Rules for the Use of Force Mock Trial and a Mock Commercial Arbitration
This is a Special 2-day event and there will be an all-inclusive charge for attendance, materials, lunch on Day 2 and an evening Reception on Day 1.
To clash or not to clash with Kalashnikovs: that is the question.
What do you do when your merchant ship is suddenly attacked by men wielding Kalashnikovs and rocket launchers?
If you have a team of armed guards on board, you have a range of options to deter the attackers and – if necessary – engage them. But what happens if there is loss of life in the course of the guards defending your interests?
How then should such deterrence and defence be carried out?
1. How should the authority to act against pirates be allocated between master and armed team leader?
2. What is the Master’s legal position in relation to actions taken on board by the guards not following the Rule of Use of Force as required (by Hull underwriters et al)?
3. What is the position of the shipping company’s Security Officer’s (and that of the Company) in case of a ‘criminal’ act performed on board by the Guards not following the Rule of Use of Force as required?
4. What rules should govern pre-emptive and responsive action – and the extent of that action?
5. What is the position of a shipping company in relation to damaged cargo and responsibility to owners of cargo in case of a ‘criminal’ act performed on board by the Guards not following the Rule of Use of Force as required.
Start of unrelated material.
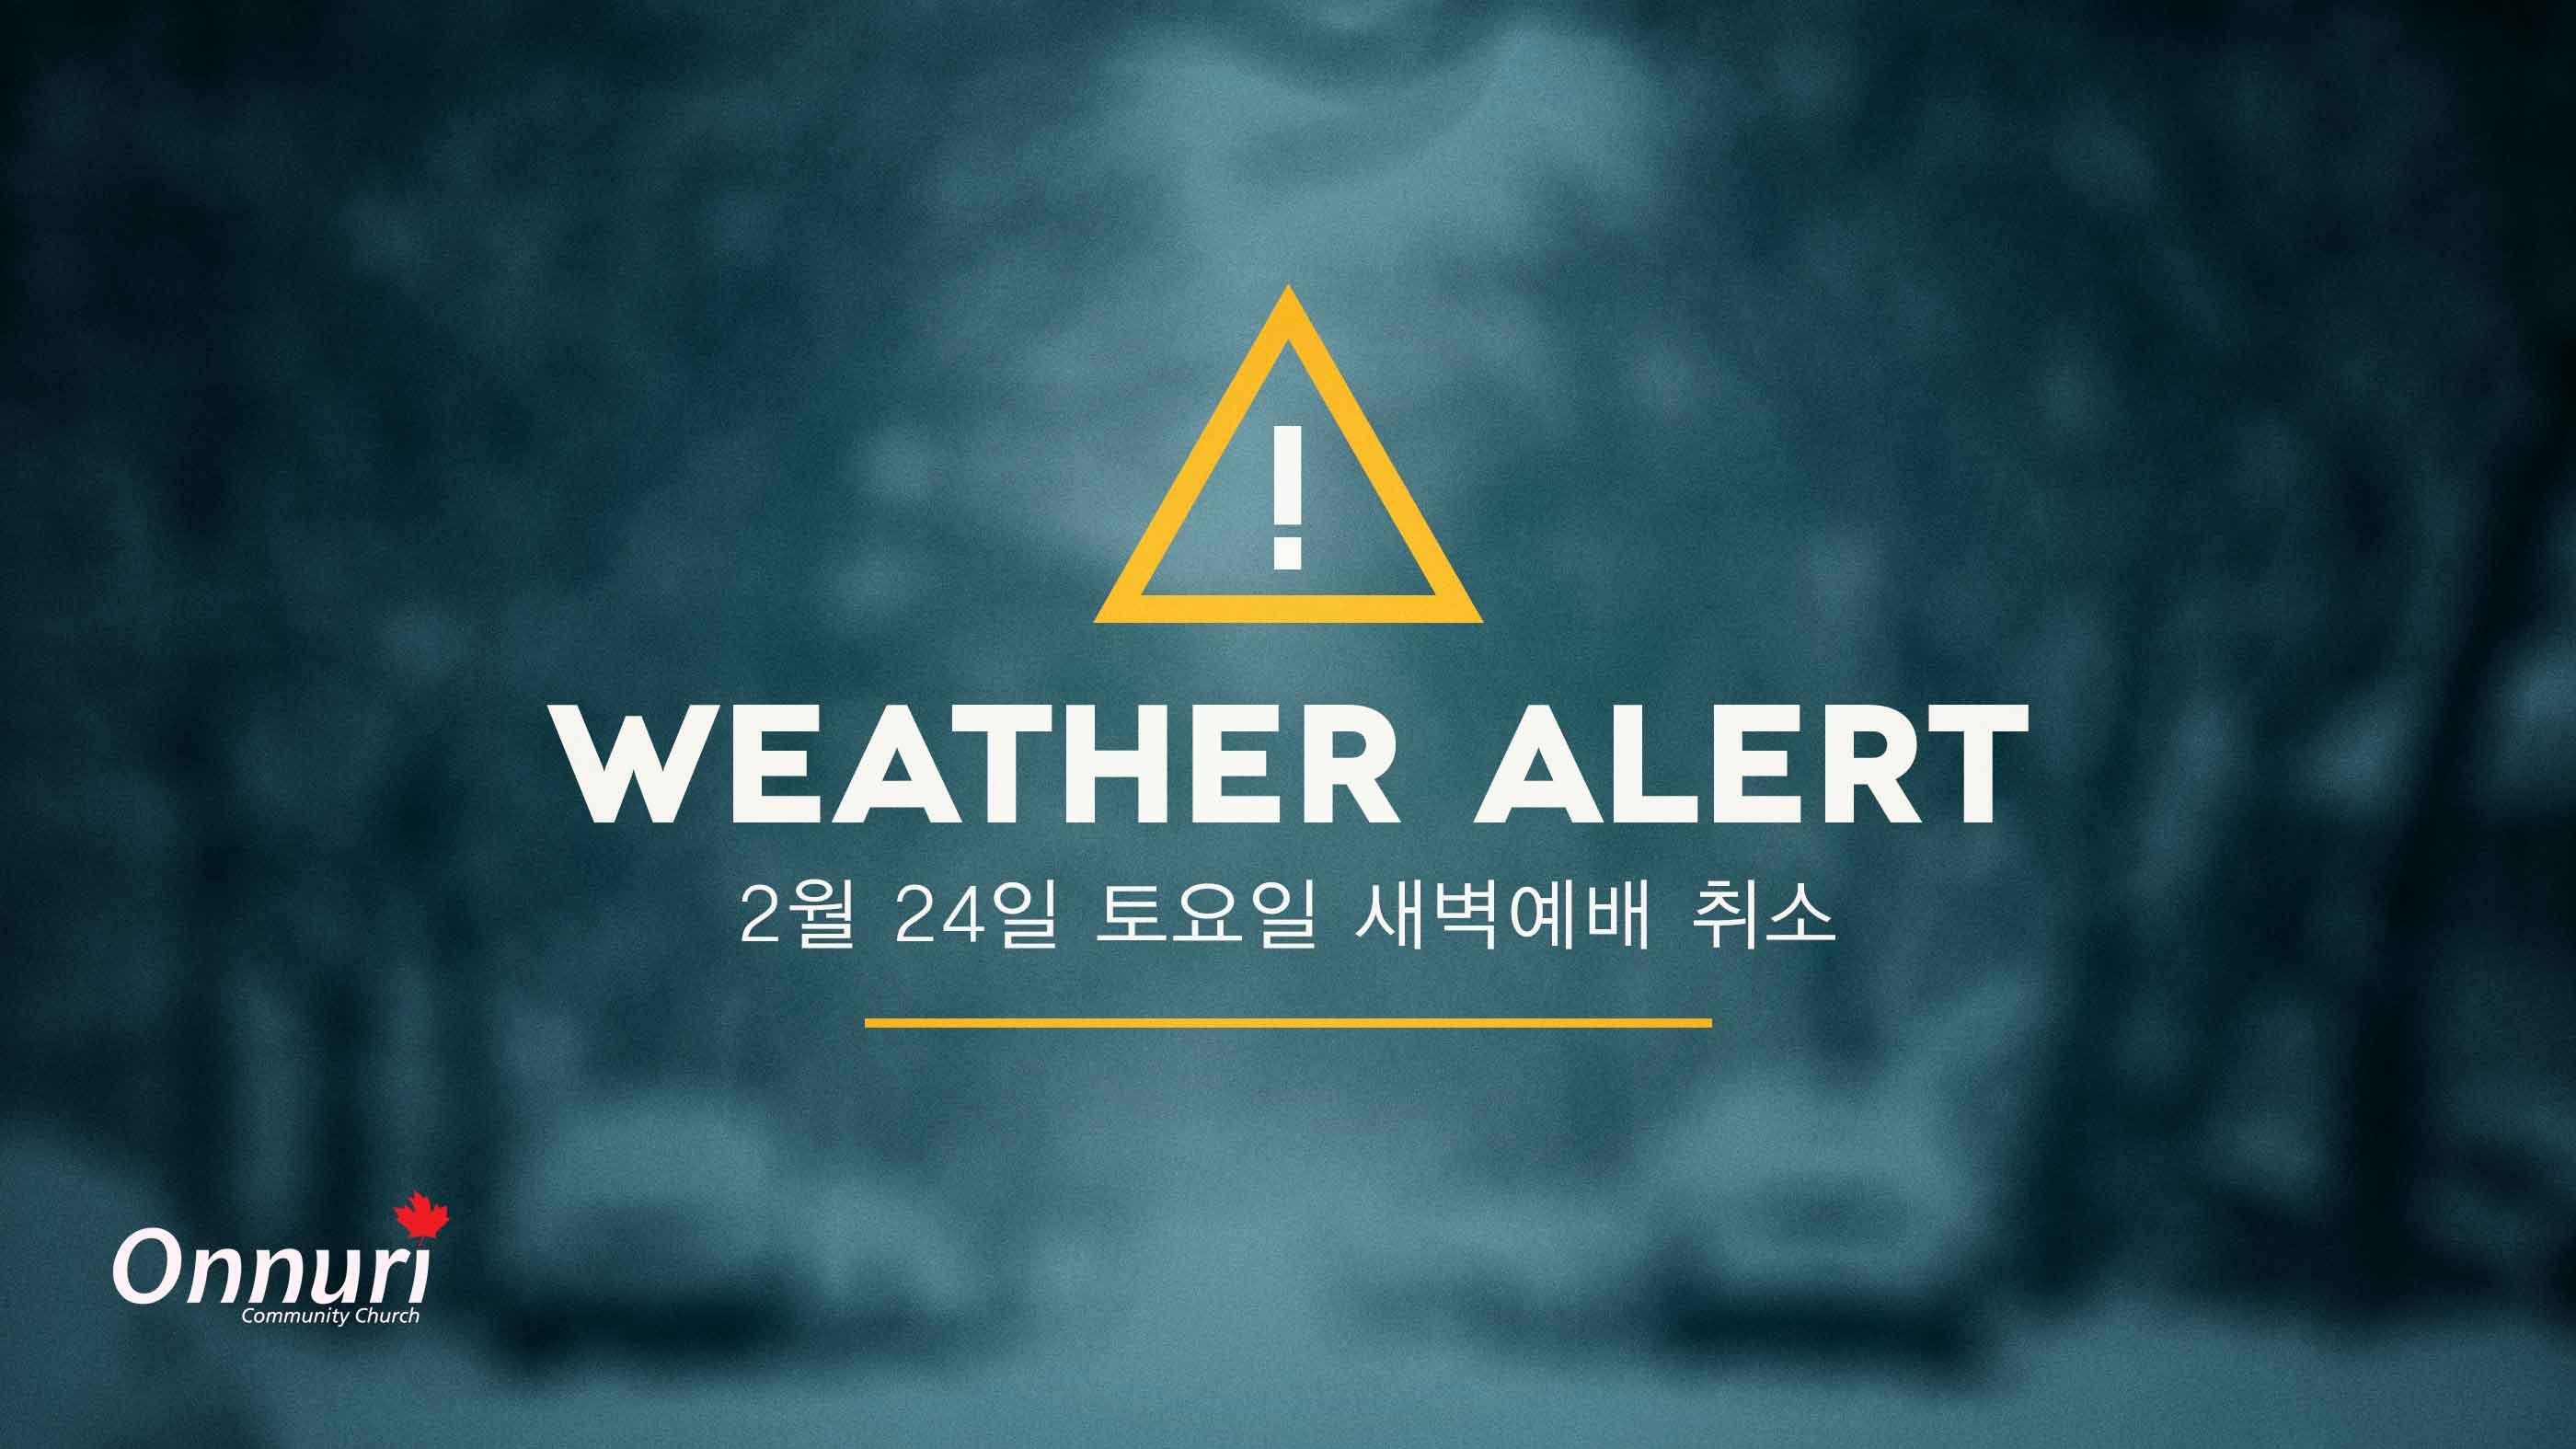 20180224-weather_alert-still-PSD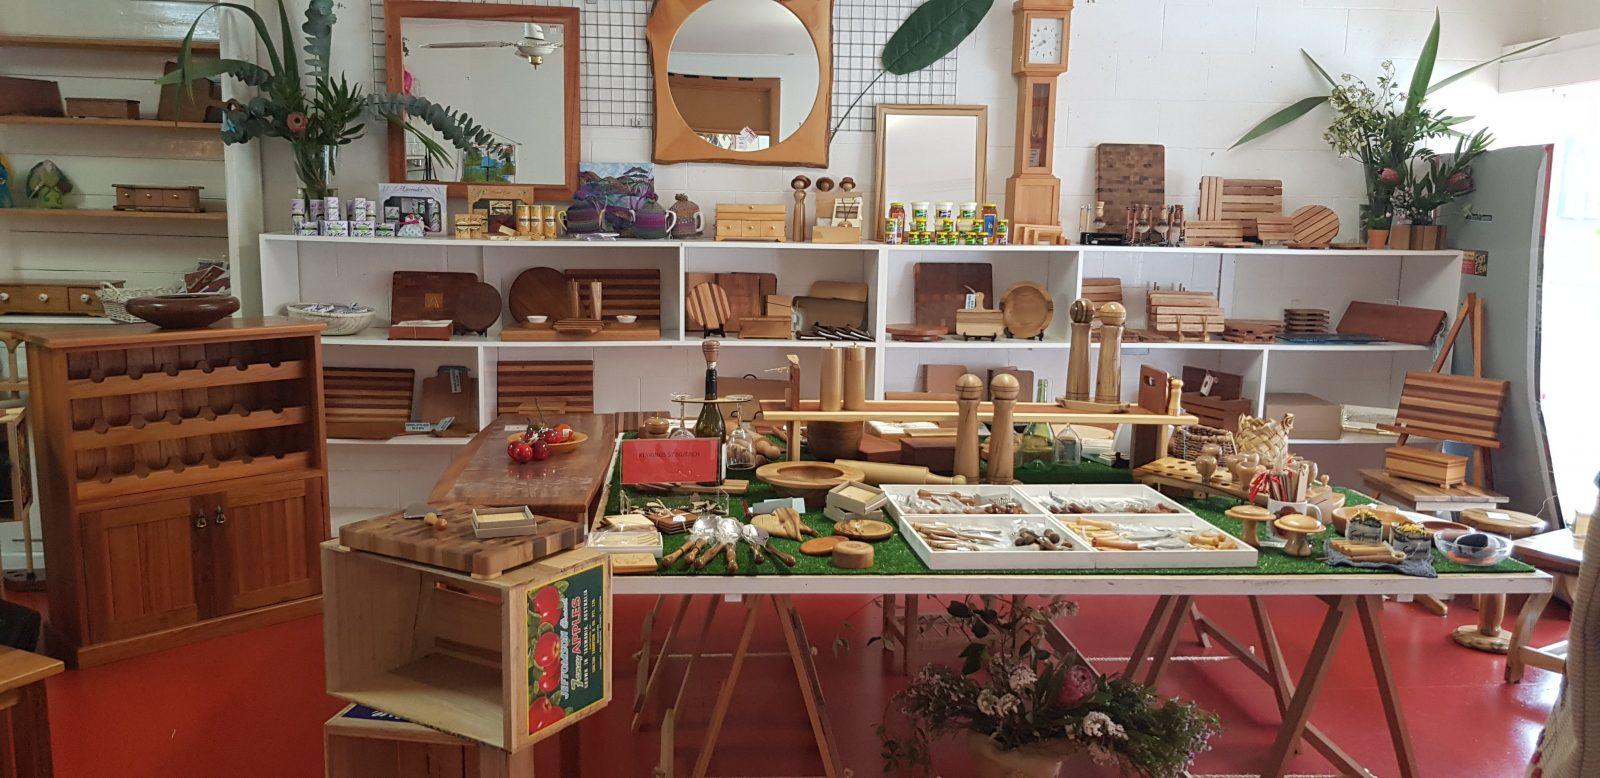 Tasmanian woodcraft exclusive to makers on church st Geeveston Tasmania

Who pays compensation to the owner of the cargo? – The owner’s P & I Company or the insurance company providing cover for the armed guards?
The key challenge is that we still do not have a clear picture of the legal complexity and the consequences for the Master as well as the Company.
These issues will be at the core of an event organised jointly by the London Shipping Law Centre and the Security Association for the Maritime Industry in London on October 20th and 21st. There will be twin sessions and follow up discussions, based on a reconstructed incident put together by accident investigators RTI. A mock arbitration will take place on the afternoon of the 20th and a mock criminal trial on the morning or afternoon of the 21st. Maritime, public international and criminal lawyers will role play.
Pirates are active in the Indian Ocean, the Gulf of Guinea, the South China Sea and even the Caribbean. Overall, attacks are increasing. Patrolling warships are too few and far between to stop shipping lanes becoming even more exposed. To protect ships, cargoes and crew, commercial ships are increasingly deploying private armed guards in high risk areas.
IMO Guidelines, BIMCO GUARDCON and the 100 Series Rules for the Use of Force provide some guidance on what armed guards can do in specific circumstances. However, LSLC and SAMI foresee a steady rise in civil and criminal proceedings arising from the use of force which may result in deaths, pollution and other liabilities. They envisage prosecutions of masters and owners and disputes between owners and cargo owners, insurers, and the armed guards’ companies.